Exercise aim ::
Leaving the pictures aside, transcribe every line below exactly.

(Input data Opens)

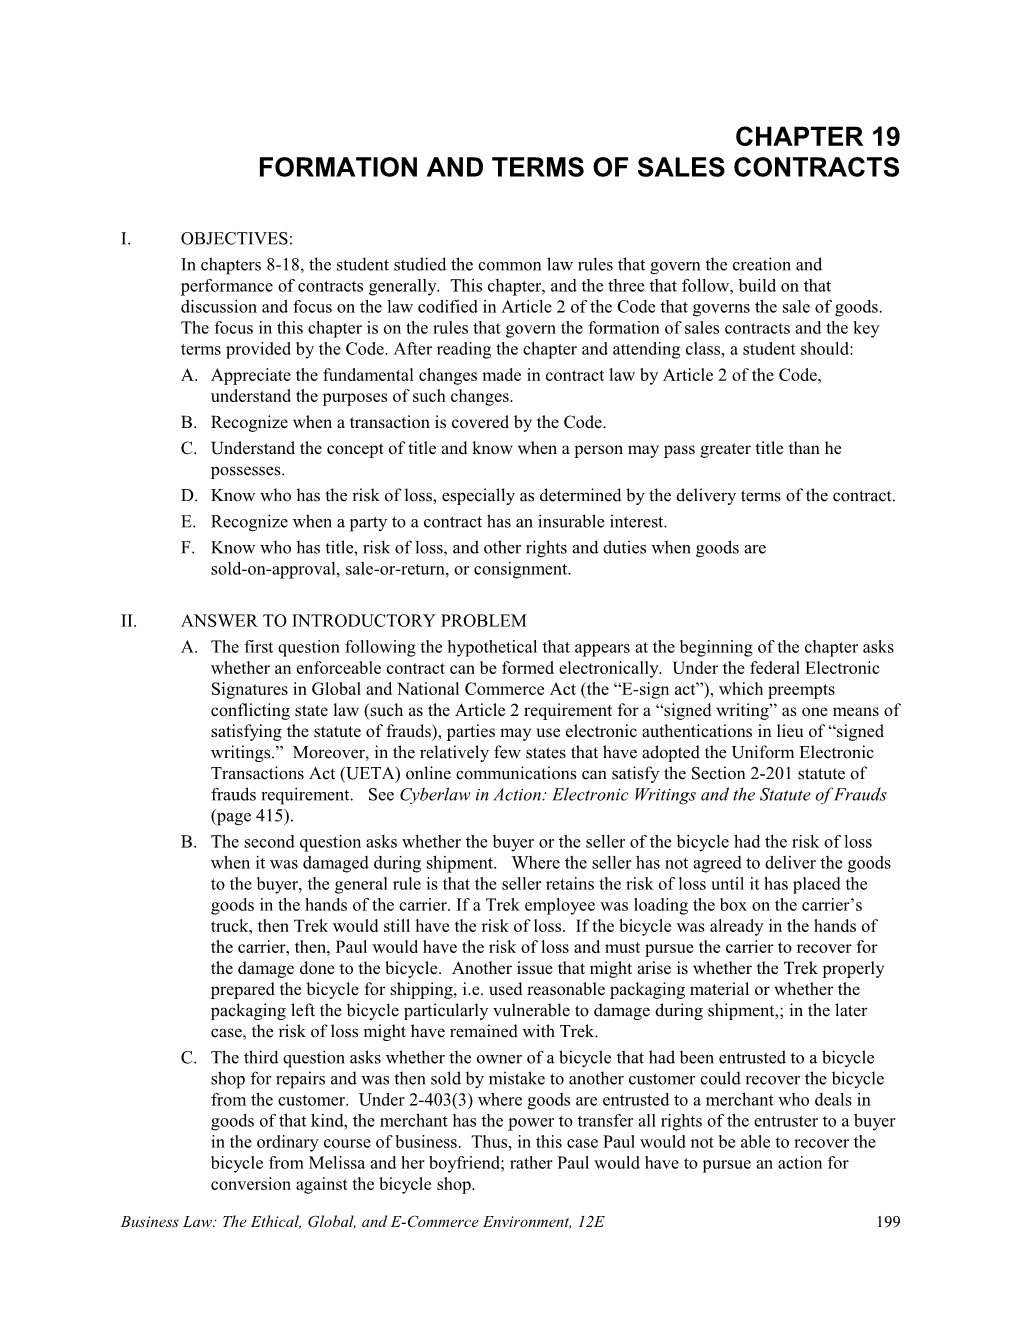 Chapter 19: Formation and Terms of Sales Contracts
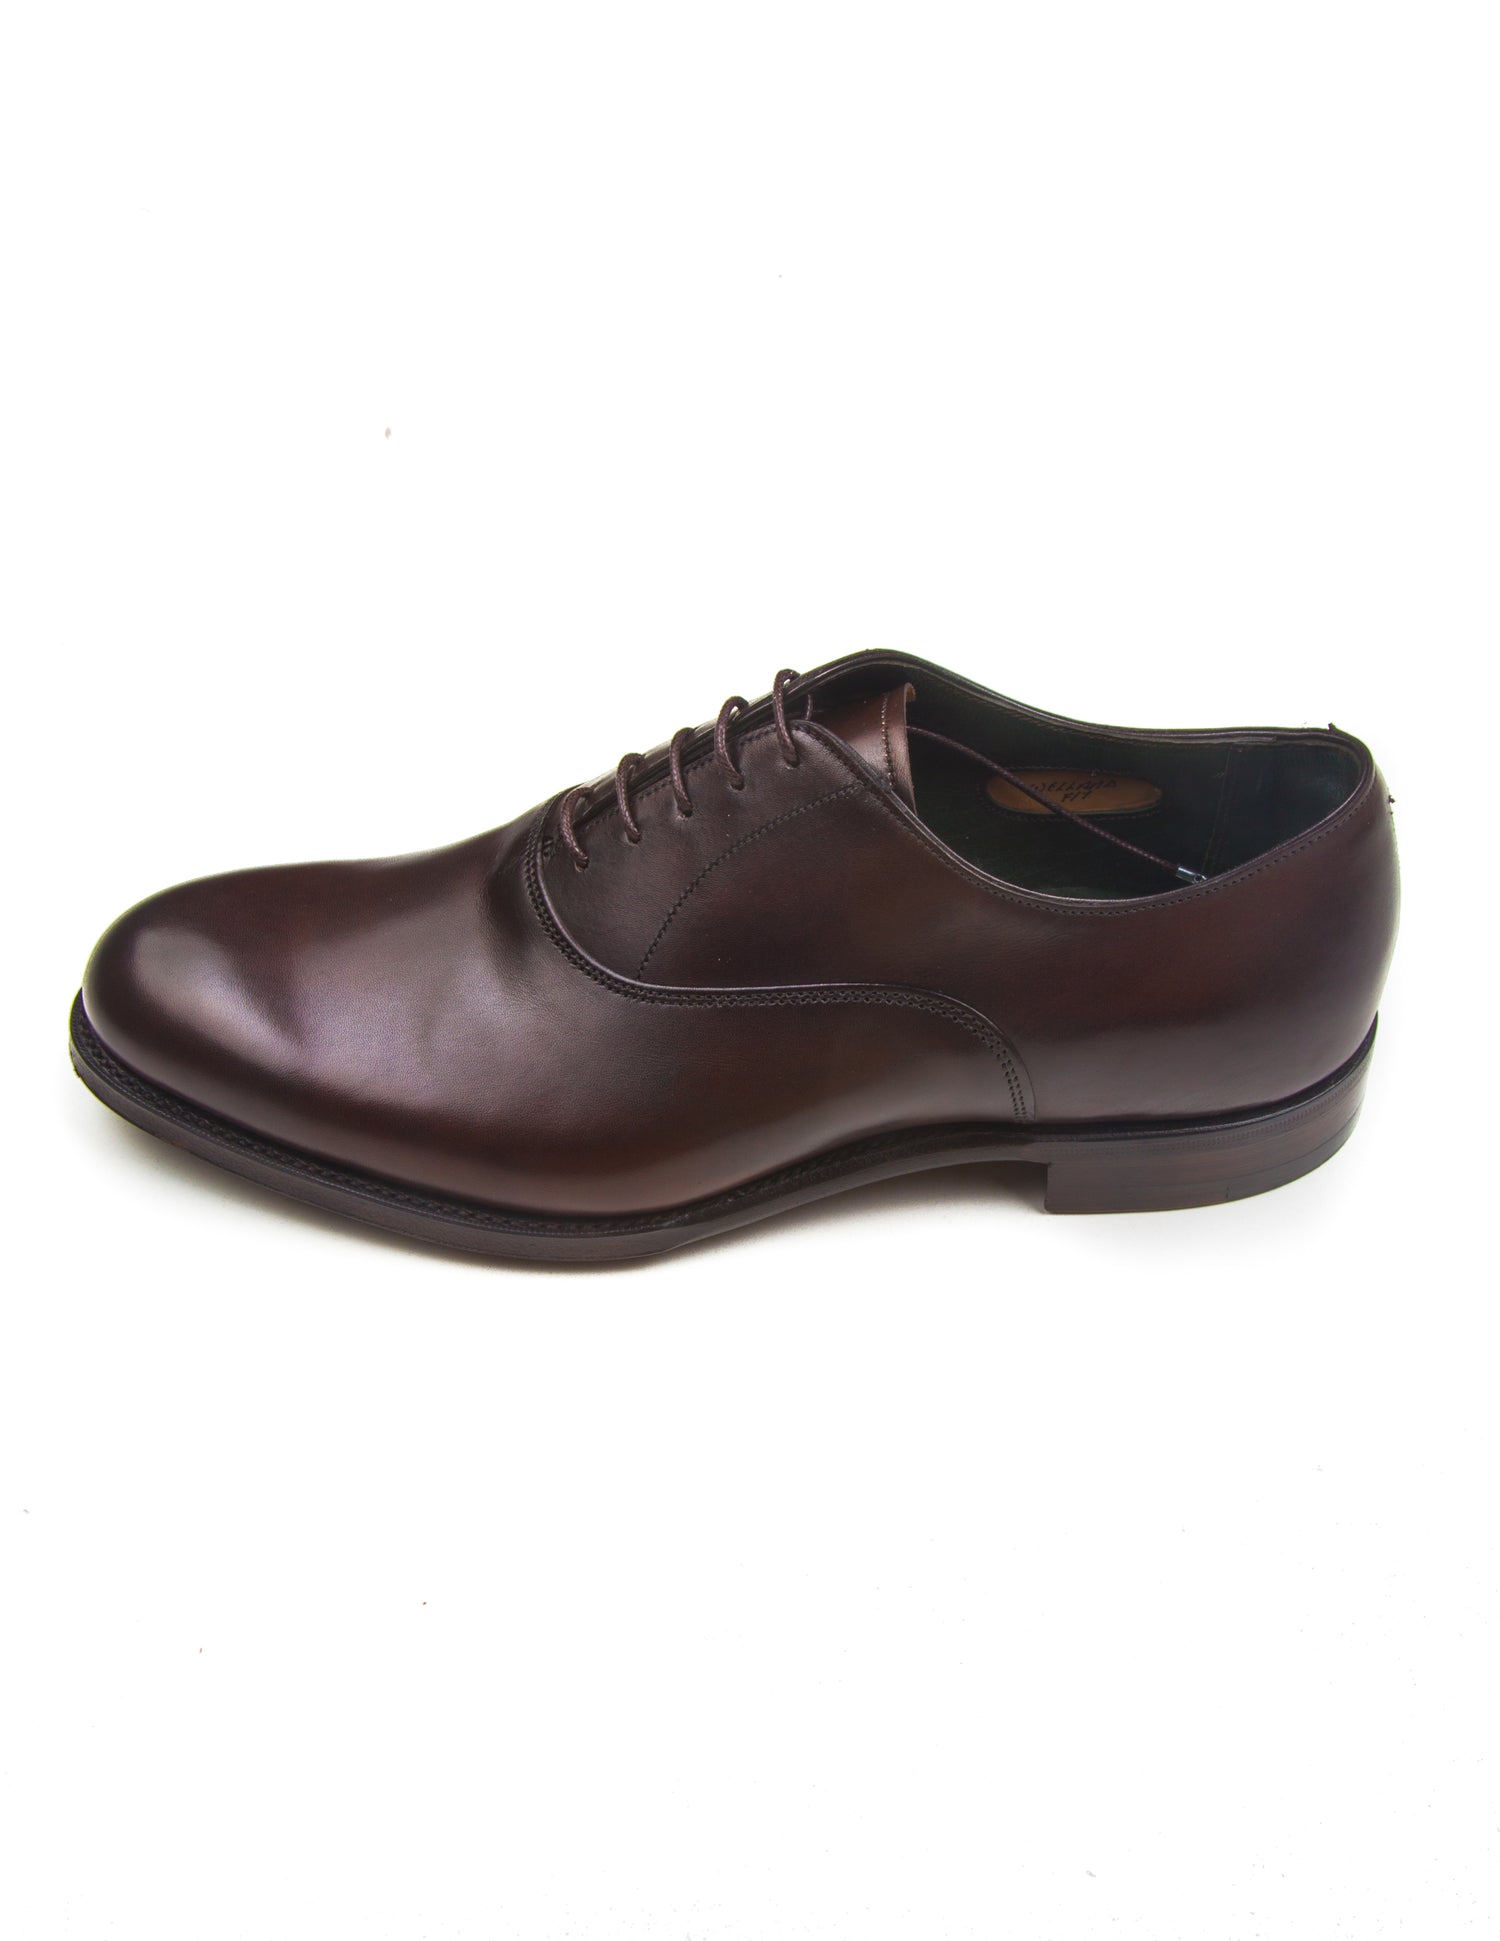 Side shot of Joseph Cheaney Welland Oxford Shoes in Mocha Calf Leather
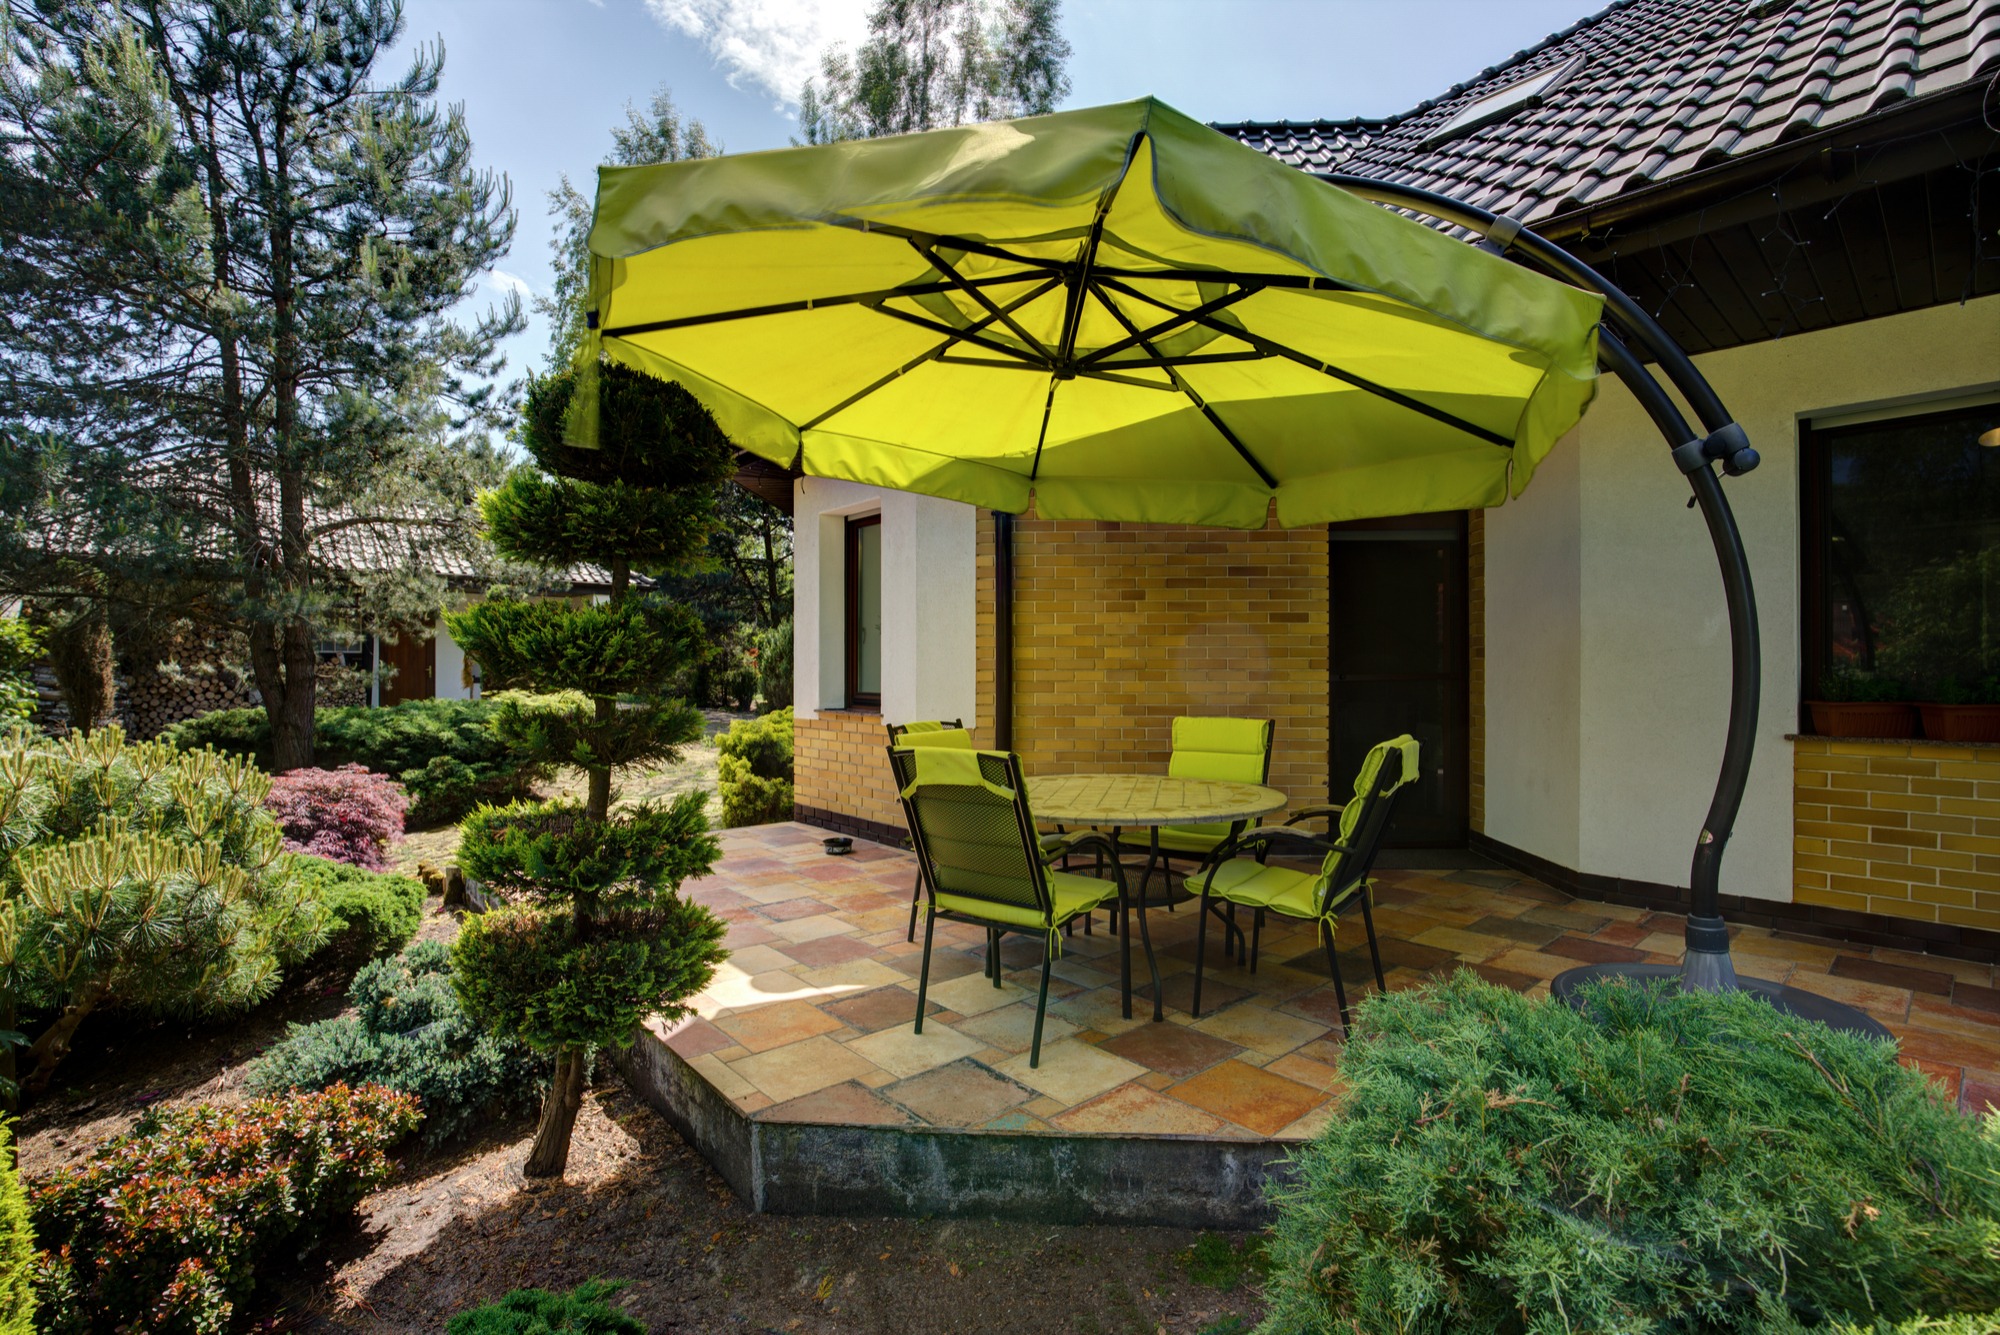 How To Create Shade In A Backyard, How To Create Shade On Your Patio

(Input data Closes)

Result for this task ::
 Chapter 19: Formation and Terms of Sales Contracts
 Side shot of Joseph Cheaney Welland Oxford Shoes in Mocha Calf Leather
 How To Create Shade In A Backyard, How To Create Shade On Your Patio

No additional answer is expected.